- Opening Delimiter -
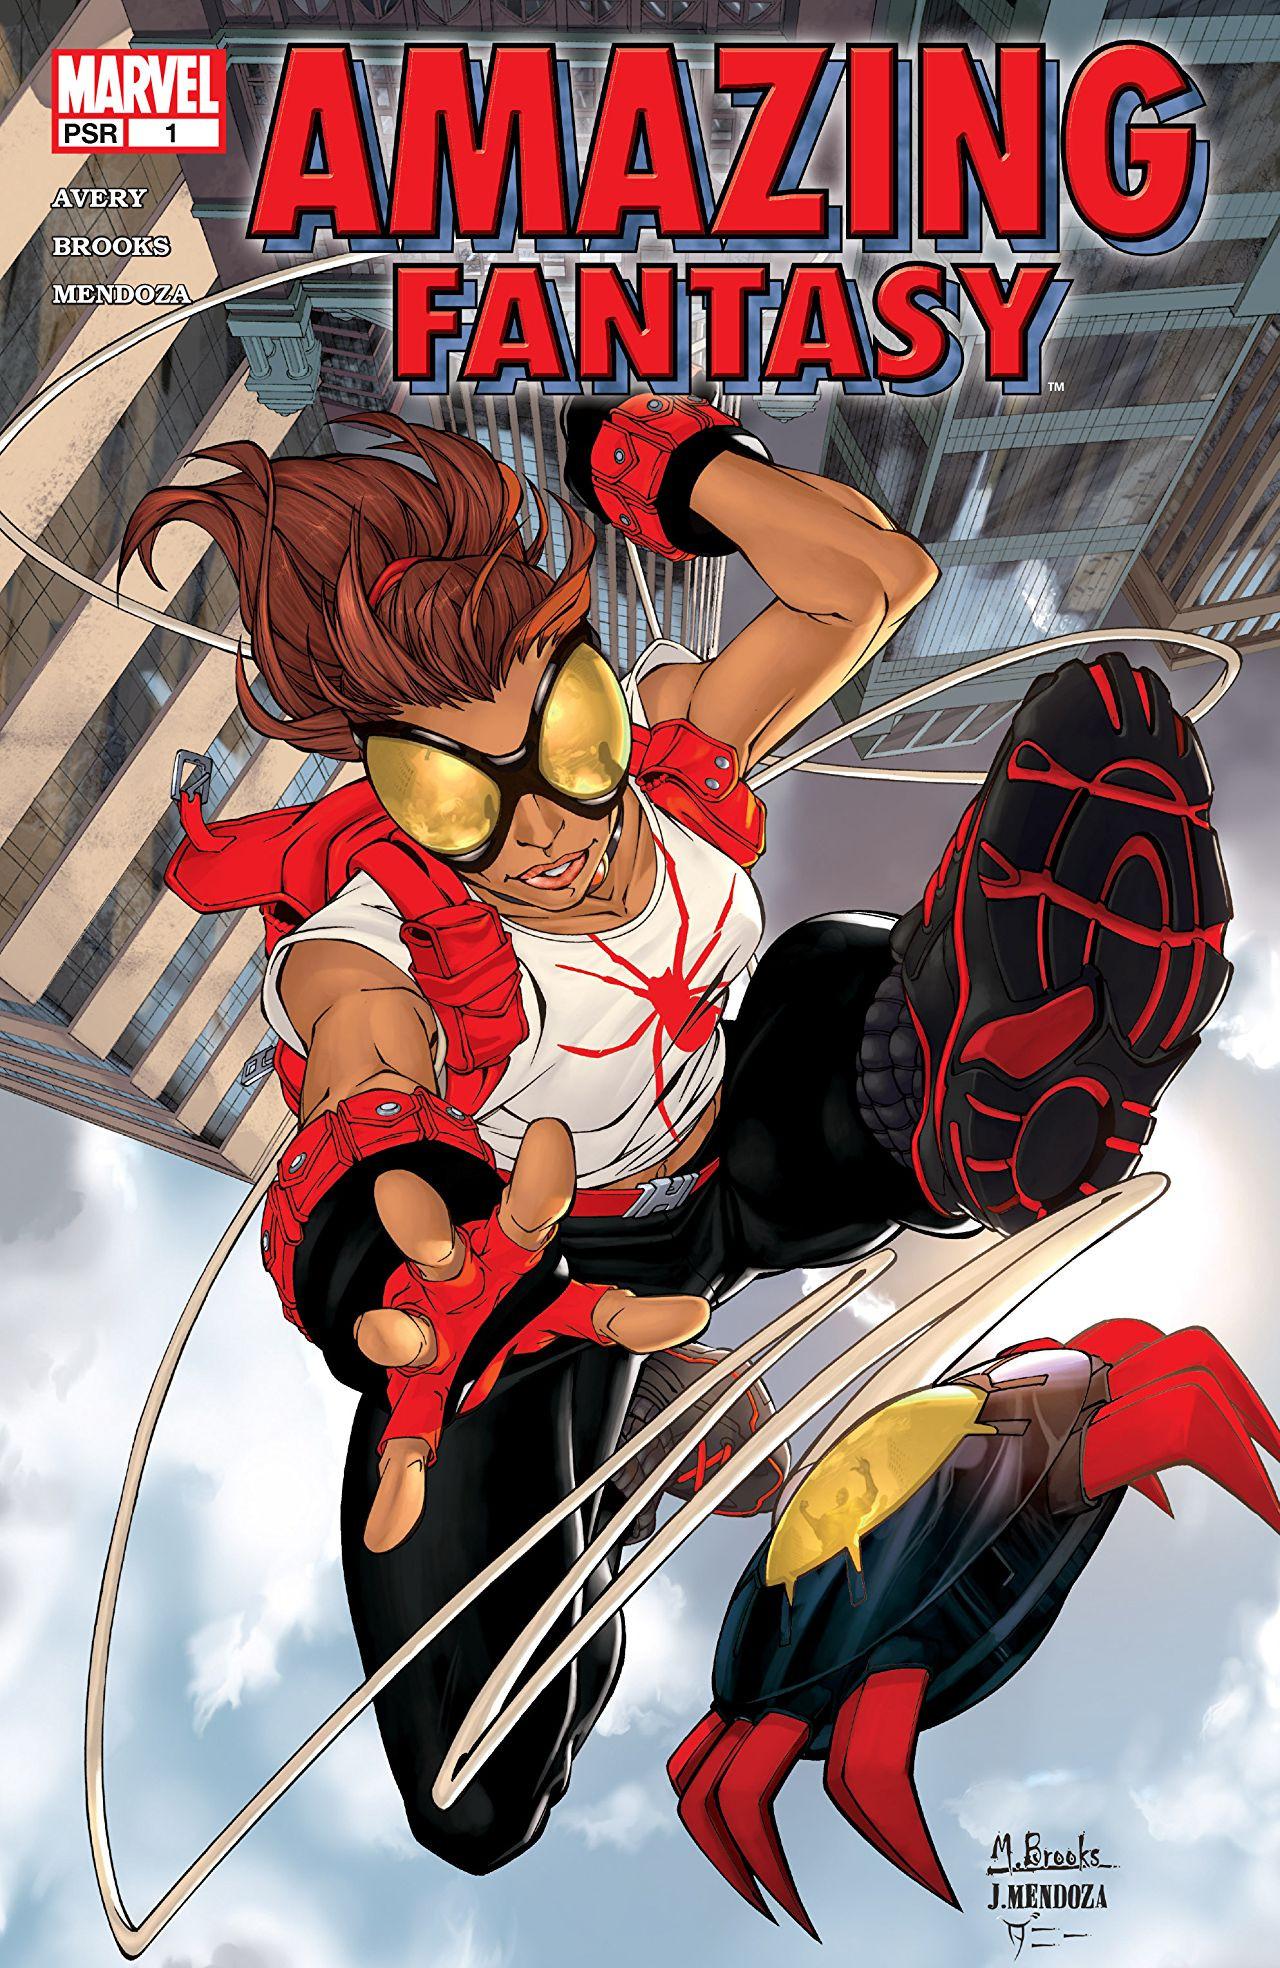 Issue 16 Marvel Comics Amazing Fantasy Spider-Man!
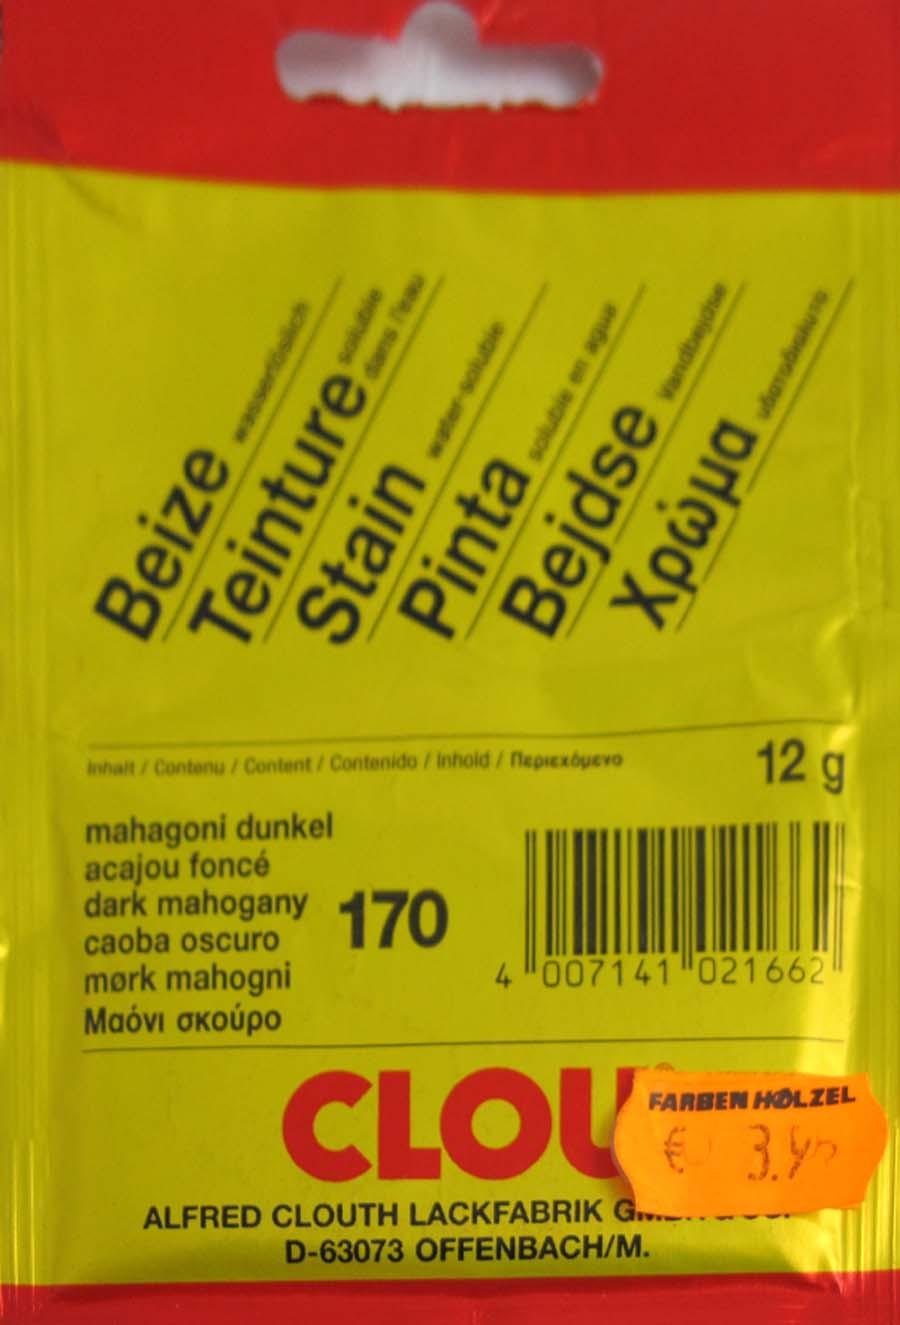 Beize Mahagoni dunkel 170 wasserlöslich 12 g Clou
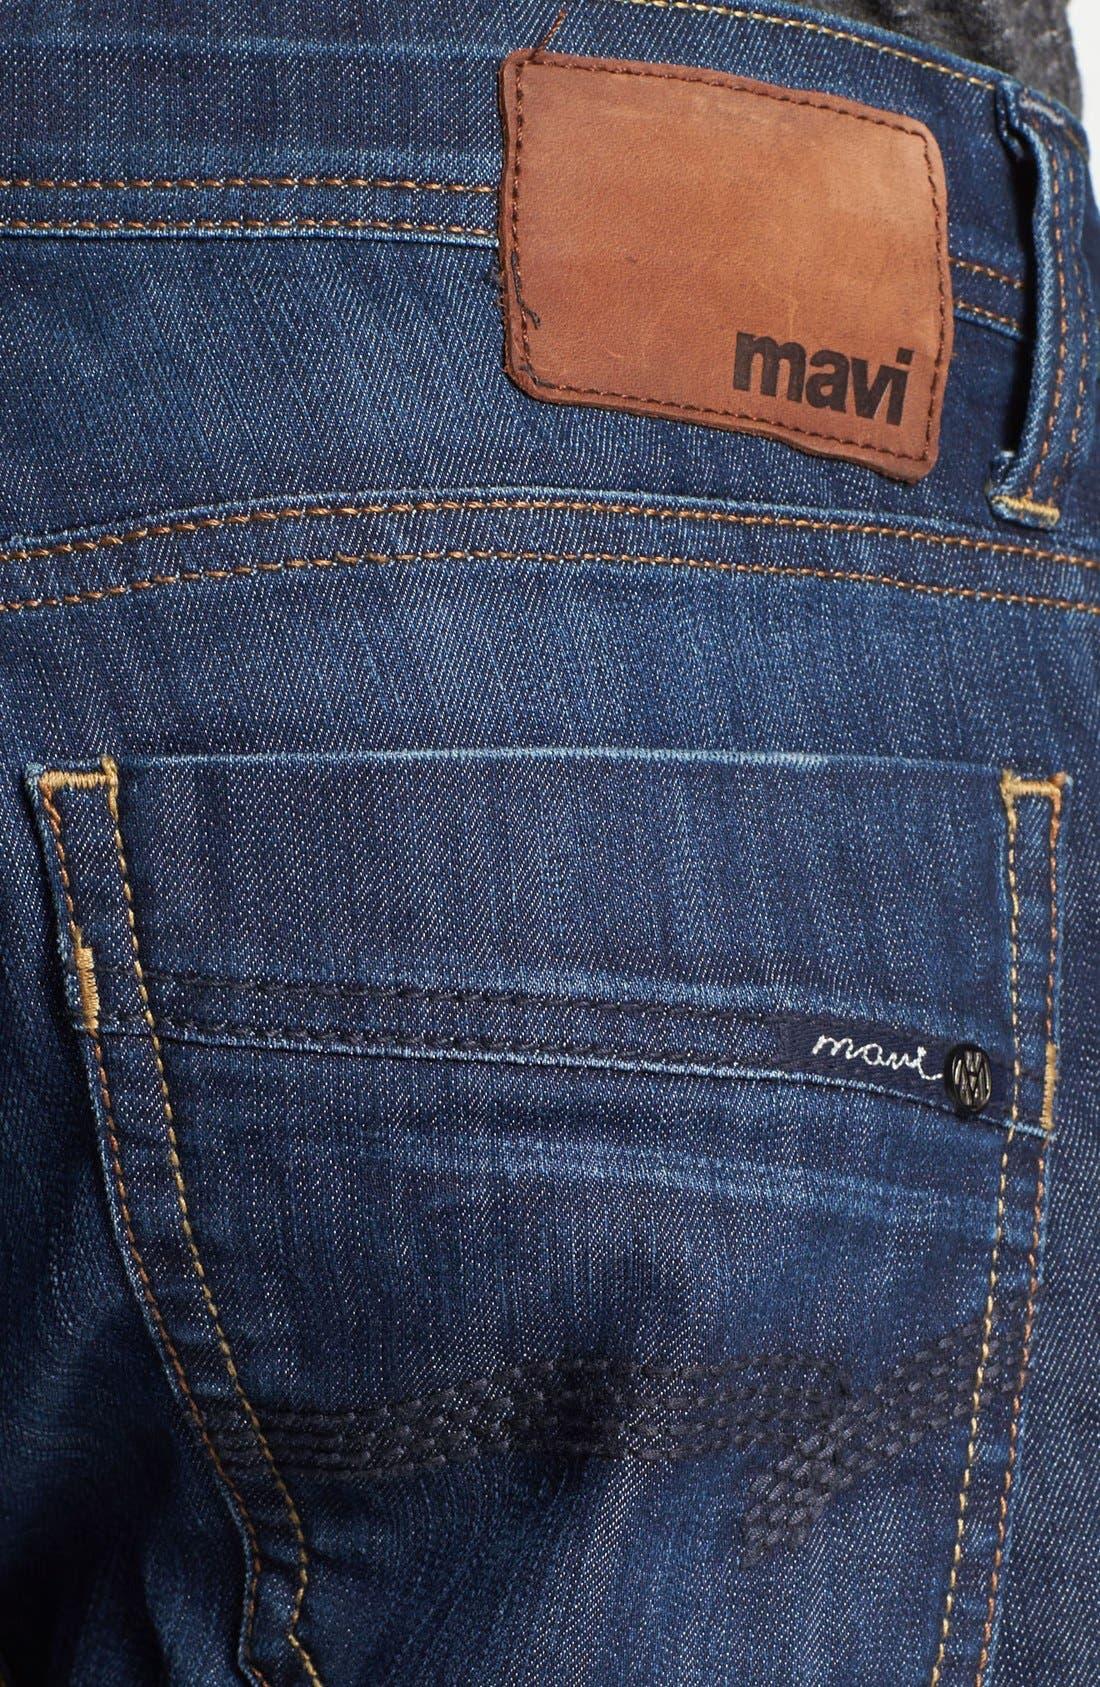 Zach Straight Leg Jeans,                             Alternate thumbnail 4, color,                             Dark Maui
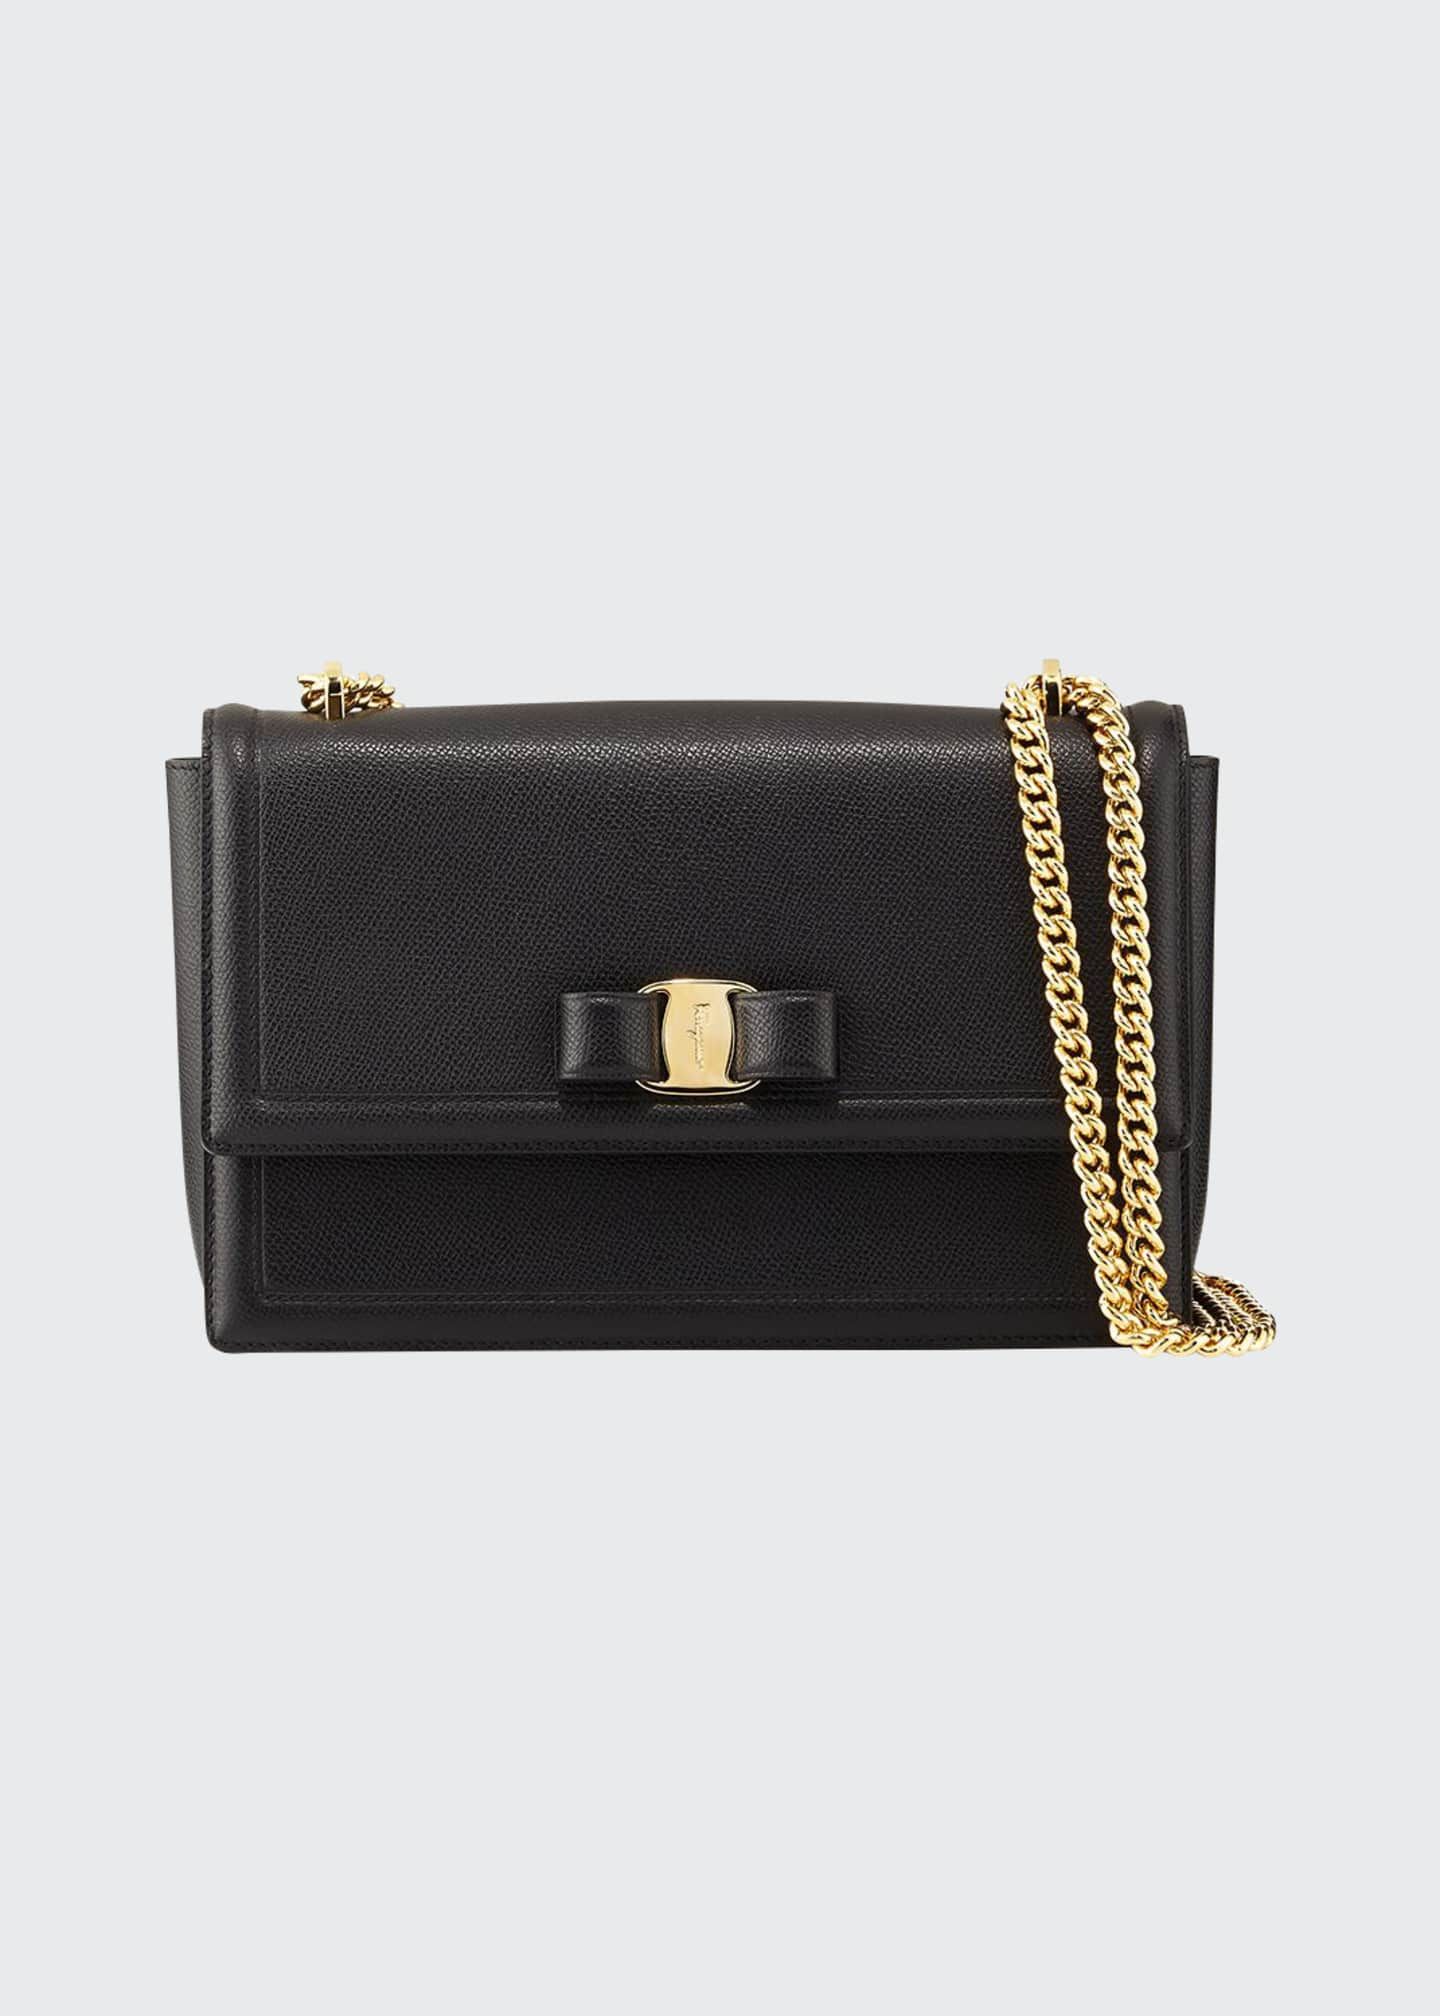 Salvatore Ferragamo Ginny Medium Vara Crossbody Bag, Black
- Closing Delimiter -
What is required = Emit the lines of the data above from the one containing "Beize Mahagoni dunkel" through its final line, both endpoints included. Pictures do not belong in the output.

Answer box =
 Beize Mahagoni dunkel 170 wasserlöslich 12 g Clou
 Zach Straight Leg Jeans,                             Alternate thumbnail 4, color,                             Dark Maui
 Salvatore Ferragamo Ginny Medium Vara Crossbody Bag, Black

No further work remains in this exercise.